In article <2102@watcgl.UUCP> jchapman@watcgl.UUCP (john chapman) writes:
>.
>. (to paraphrase) People didn't make a valid choice in the old days,
> they were forced between one type of poverty and another.
>
>> world used to be poor.  Now lots of it isn't.  This is a FACT.  It's
>> also a fact that some people, and not everybody, figured out how to
>> change the world from poor to richer.  It's also true that the people
>> who figured this out, clever as they were, also figured out how to keep
>> the biggest chunk of the pie they were creating.  They managed to keep
>
>Gee how did they get so clever? Maybe it was because they had some time
>to think (you know, instead of grunging around in mines all day); or
>maybe their families had the money to set up the factories; well I
>After all if a guy can't do a little 14 hour shift in the mine and
>then develop industrial strategy and techniques in his spare time
>then he probably just doesn't deserve to succeed does he.  And if he
>can't save to set up a factory because he only gets *just enough*
>to feed his family for his 14 shifts well it's his fault; he should
>work harder and longer, after all there are 24 hours in day.

Not to go on and on, but just what does this mean?  Do you suggest
that all innovators did their work on the backs of the oppressed?  That
all the succesful people started on their way with daddy's money?  That's
not even true TODAY - check Forbes magazine's figures on just how many of
the world's richest are new money, not old money.   The world was in
poverty and somehow it got out of it.  The poor did not spontaneously
organize.  Clever people organized them, and took a big chunk of the pie.
Now you bitch because in hindsight you feel that these people should not
have been given so big a chunk.
>
>> most of it and give only as little as possible to those they hired.
>> But, they did have to give them something more than they had.  It wouldn't
>> have worked otherwise, except through slavery.  Which is not to say there
>> wasn't slavery and strongarming.  Those things did exist and are deplored
>> by everybody today.  The only thing that isn't an established fact, and thus
>
>I've got news for you Brad, slavery still exists, in fact if not in 
>name.  And we can't all deplore it since our companies invest in it
>and we buy the products of it.

I am fully aware of it.  Any time somebody else controls, without your
explicit permission, what you can do with your body and the fruits of
your labours, it is slavery.  They have it in South Africa and they have
it in Russia.  We even have it partially here (it's called taxation).
Some day we will be rid of it, I hope.
wi
>
>
>  You asked what group had been exploited in the 20th century and I've
>  given you some examples.  It not such a simple problem you see that
>  you can give one simple name to those people/groups.  I notice you
>  have conveniently left out the large groups I did use like women
>  and blacks (definitely more than half the population) and those
>  companies which abuse the environment to increase profits or as
>  we are seeing in the paper sell to countries with long records of
>  human rights violations.  Why ignore these Brad?

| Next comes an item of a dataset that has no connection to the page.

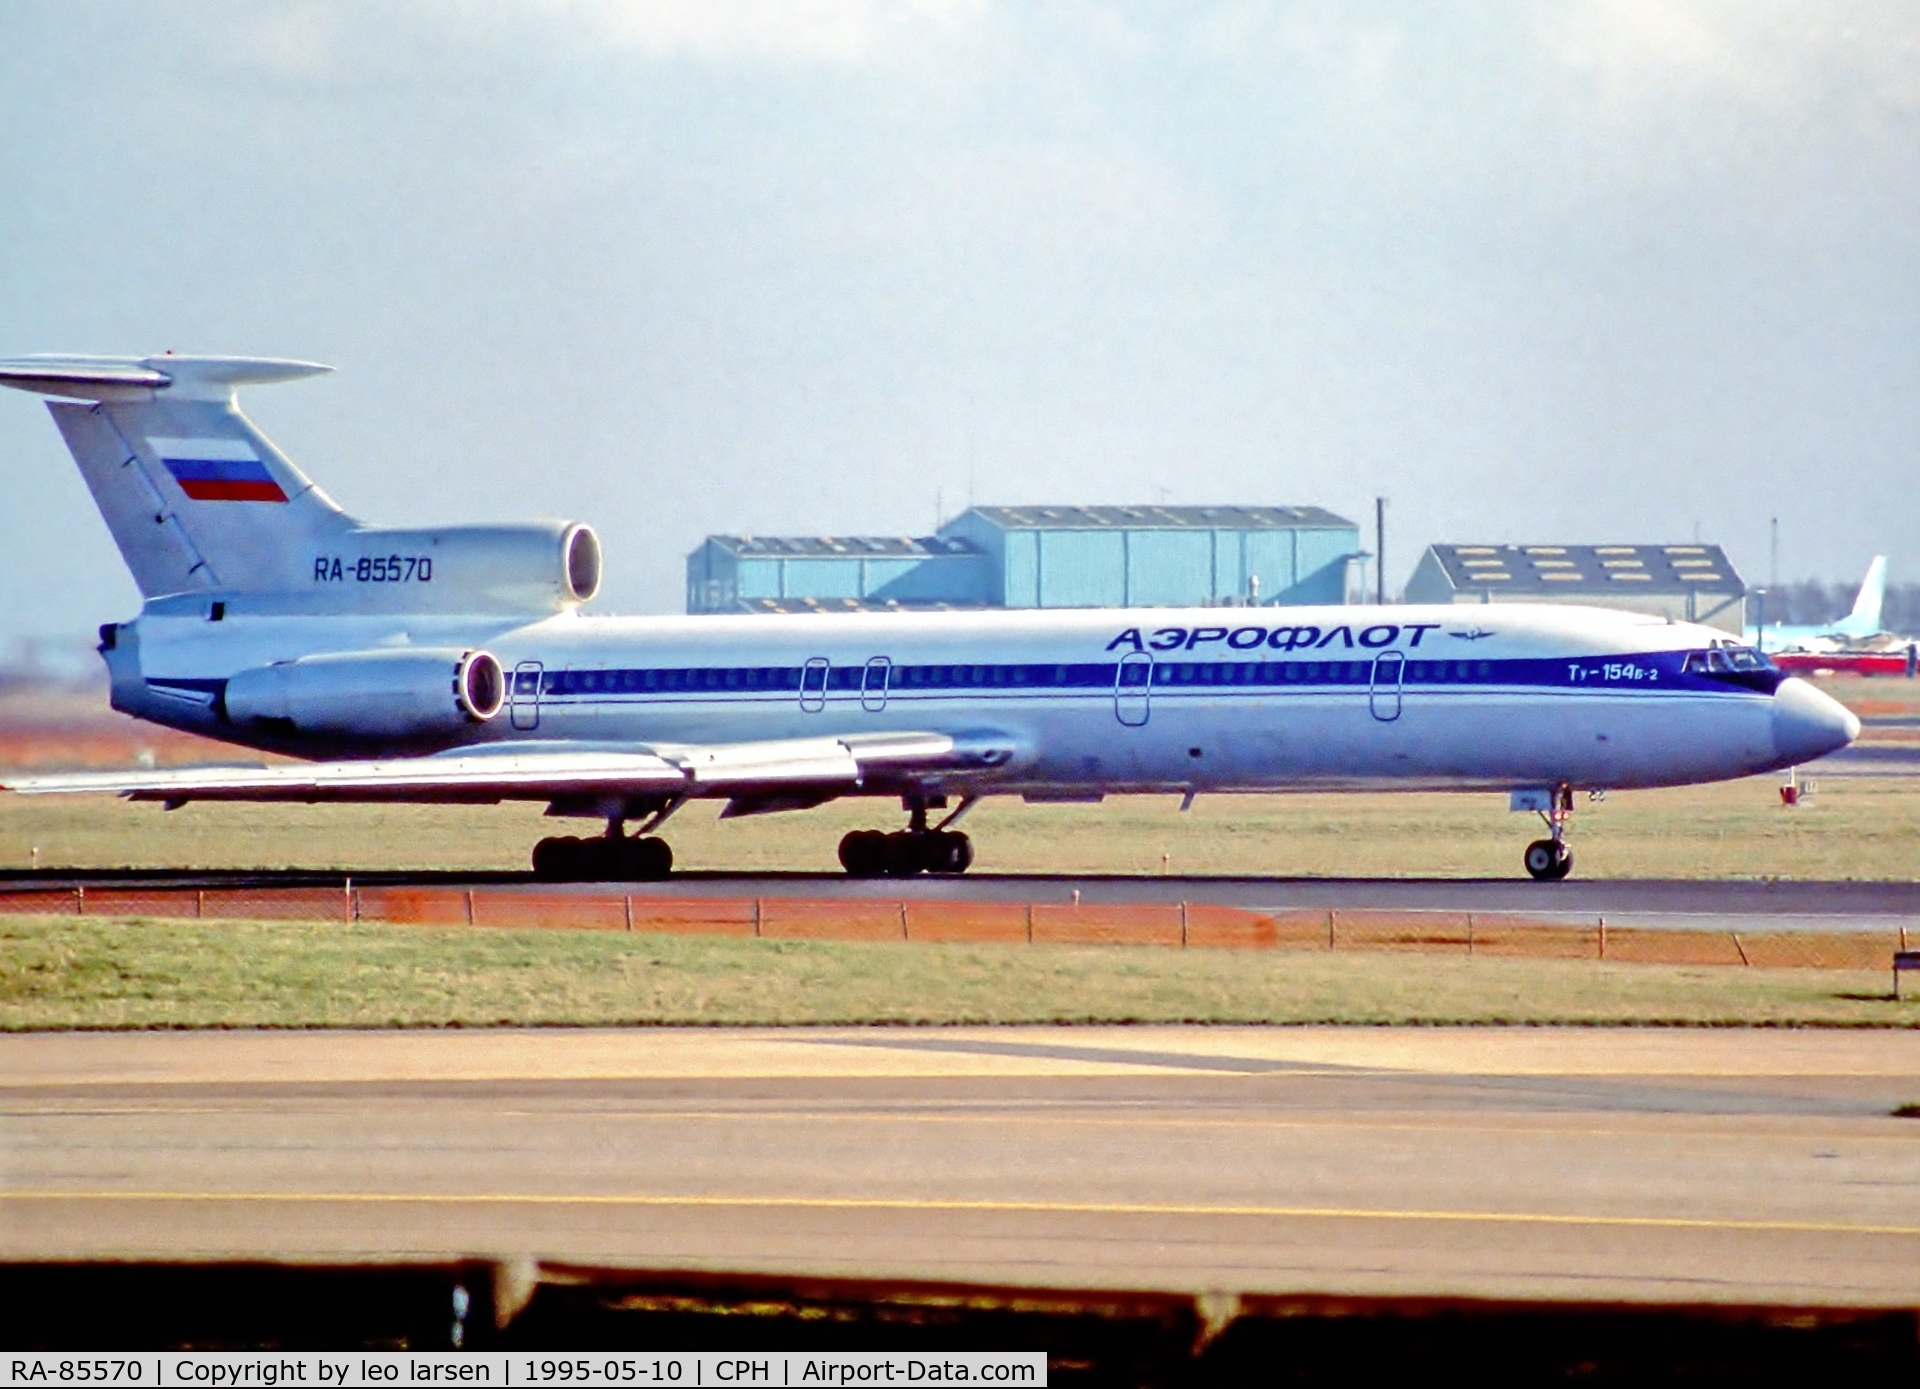 RA-85570, 1983 Tupolev Tu-154B-2 C/N 83A570, Copenhagen 10.3.95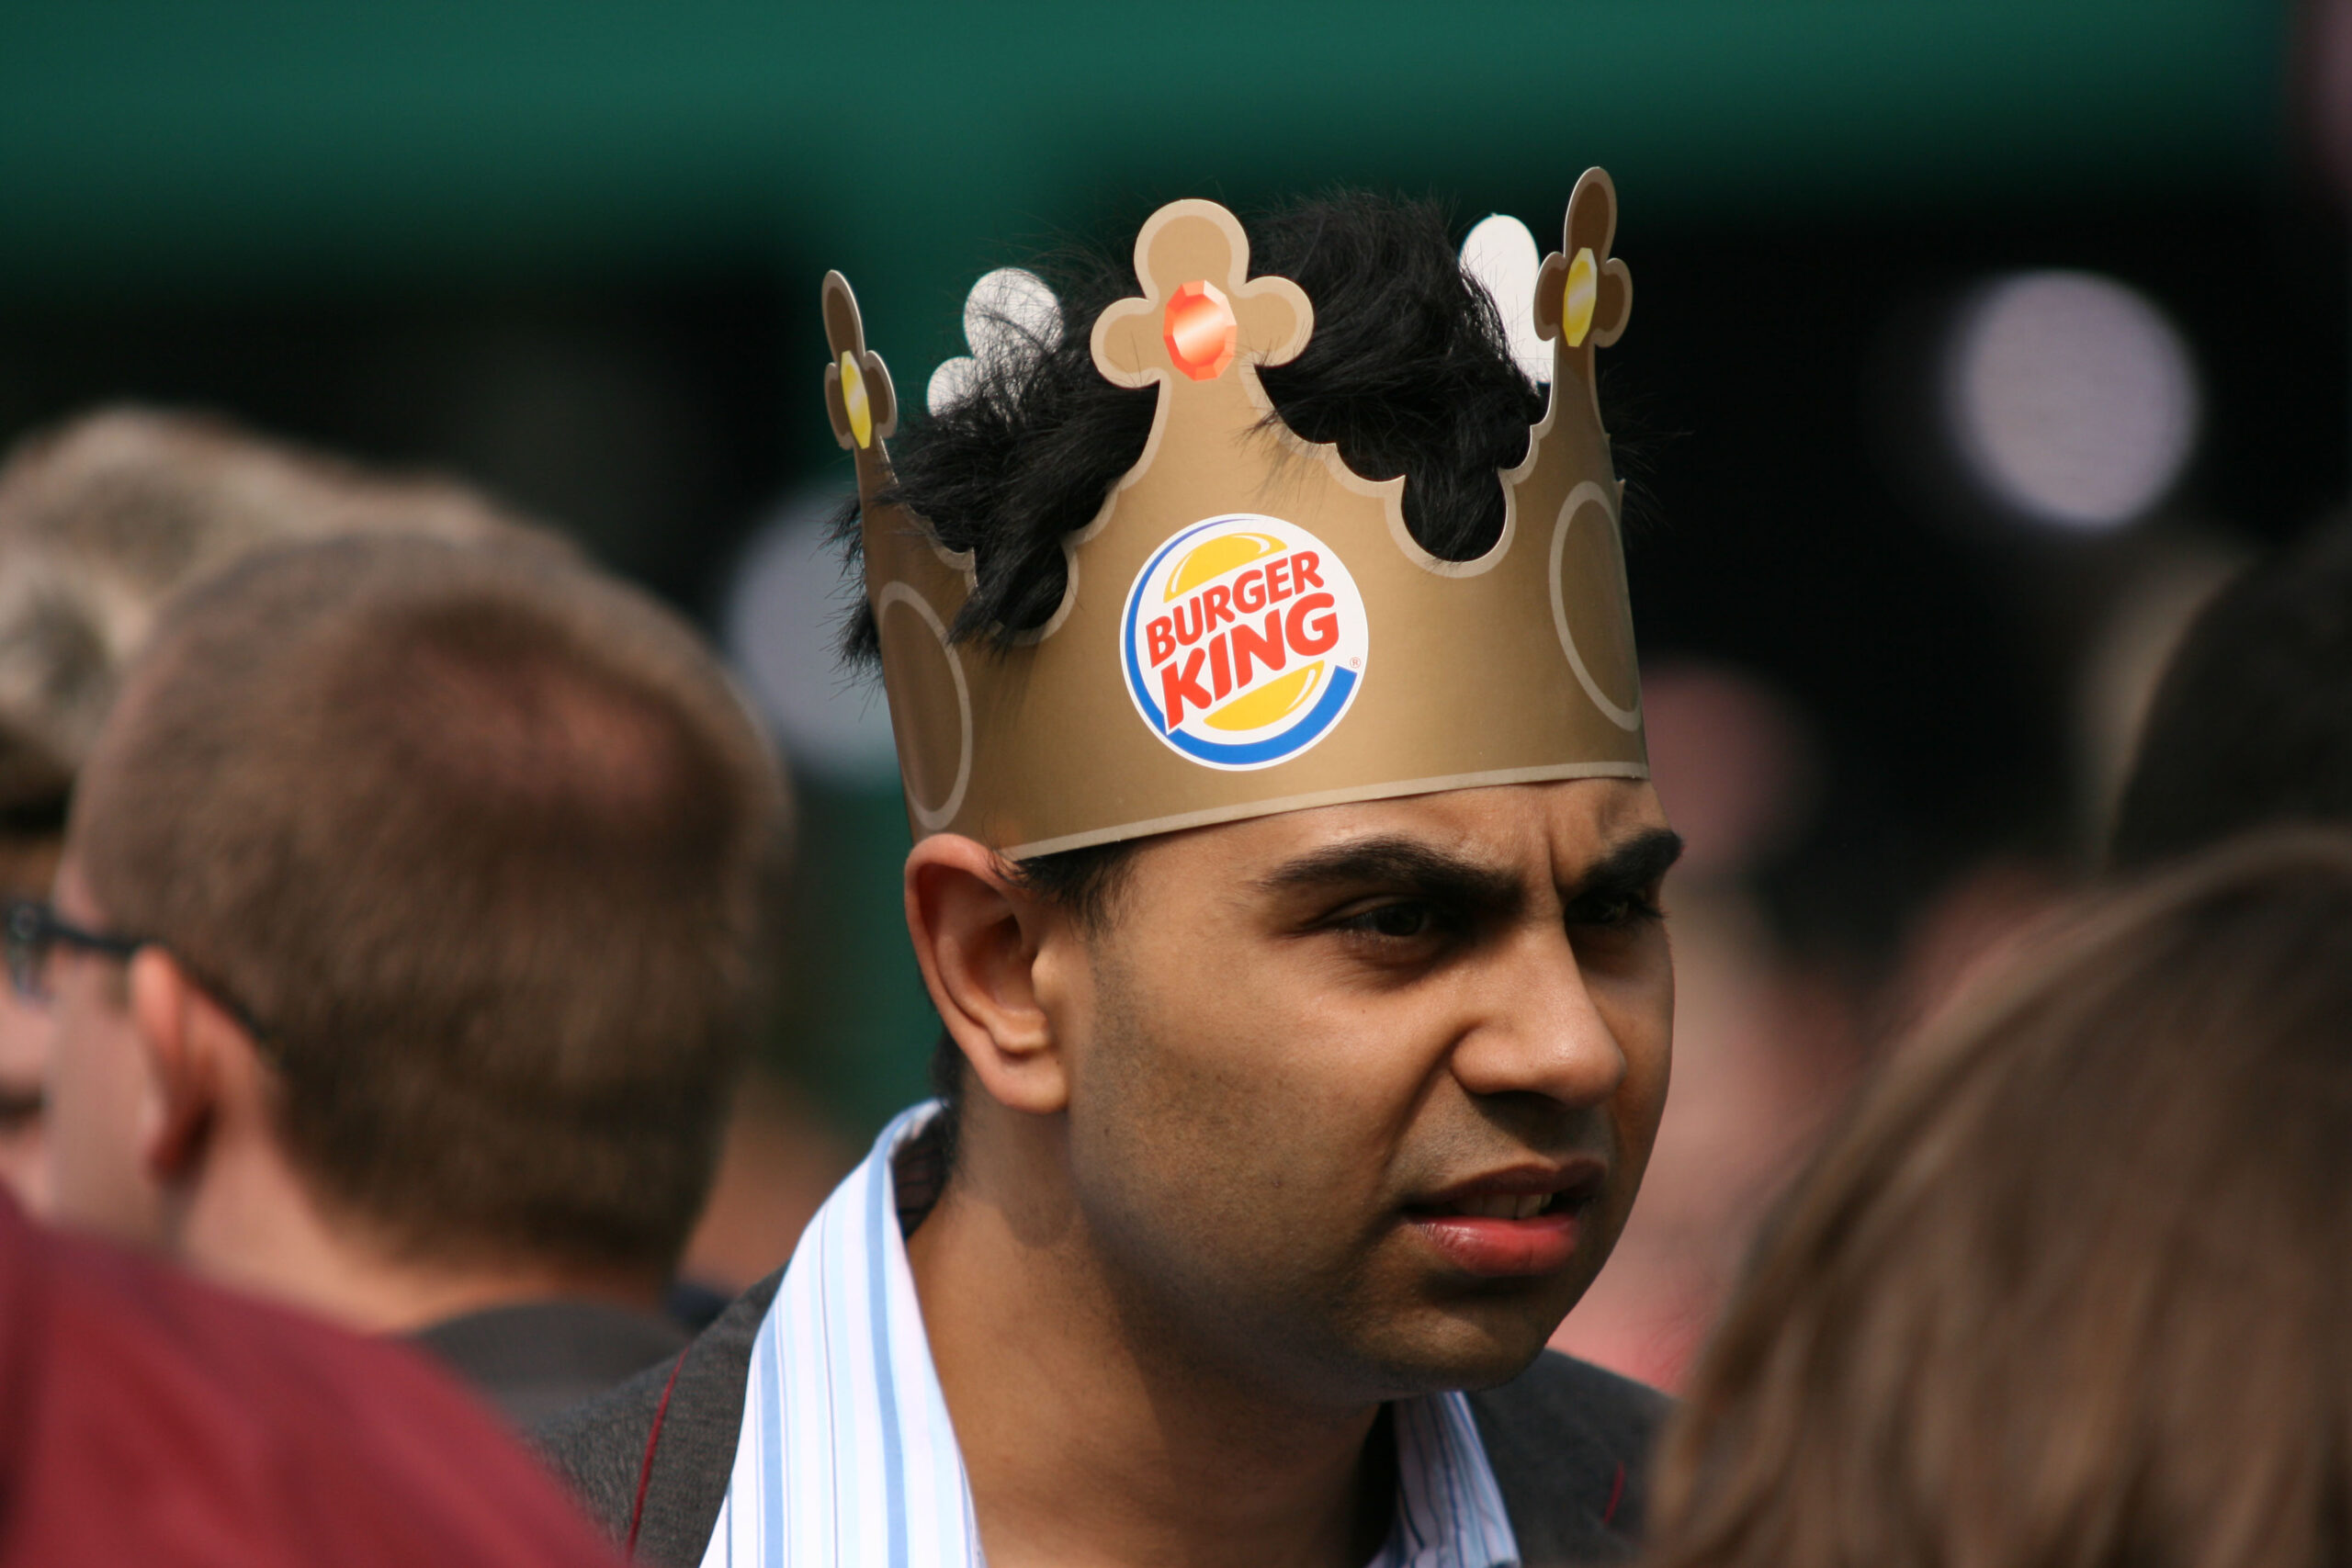 Burger King Serves Up Sensitive Data, No Mayo – Source: www.darkreading.com

I do not ignore them, and my apolgies for not responding to each point, but
I feel these net discussions get far too big and should better be done
in person if possible.  I can, but don't answer every point.  Sorry.
>
>> misuse is not important.  Let's see aggregate figures concerning domestic
>> production vs. foreign production, and revenues attributable to both.
>  OK:
>  Women : aprroximately 50% of the population.  Probably close to that
>          percentage of the work force.  Average wage: 63% of the average
>          male wage.  If we assume women are not inherently inferior
>          to men then we save approx. 25% of the labour cost component
>          of goods (since we don't give that 50% of the people a 50%
>          raise) directly by discriminating and suppressing this
>	  particular group of people.
Well, the debate was on foreign figures, but I will tackle this domestic
issue.   First, your assumption that "women are not inherently inferior to
men"  doesn't quite apply.  A large proportion of the difference between
total male and female earnings is due to the fact that men are still doing the
most important jobs in society.  In the old days, men did them all and women
didn't work, so women earned a penny for every dollar men made.  Does that
mean people were saving 99% of their costs by suppressing women?  Hardly.
We may not like the fact that men still rule the economy, but it makes your
figures meaningless.  In the cases where women are paid less than men for
the same work, then you truly have unfair treatment of women.  But such
unfair misuse of women is hardly the major cause of our economic prosperity.
If anything, misuse of good talent HURTS us rather than helps us.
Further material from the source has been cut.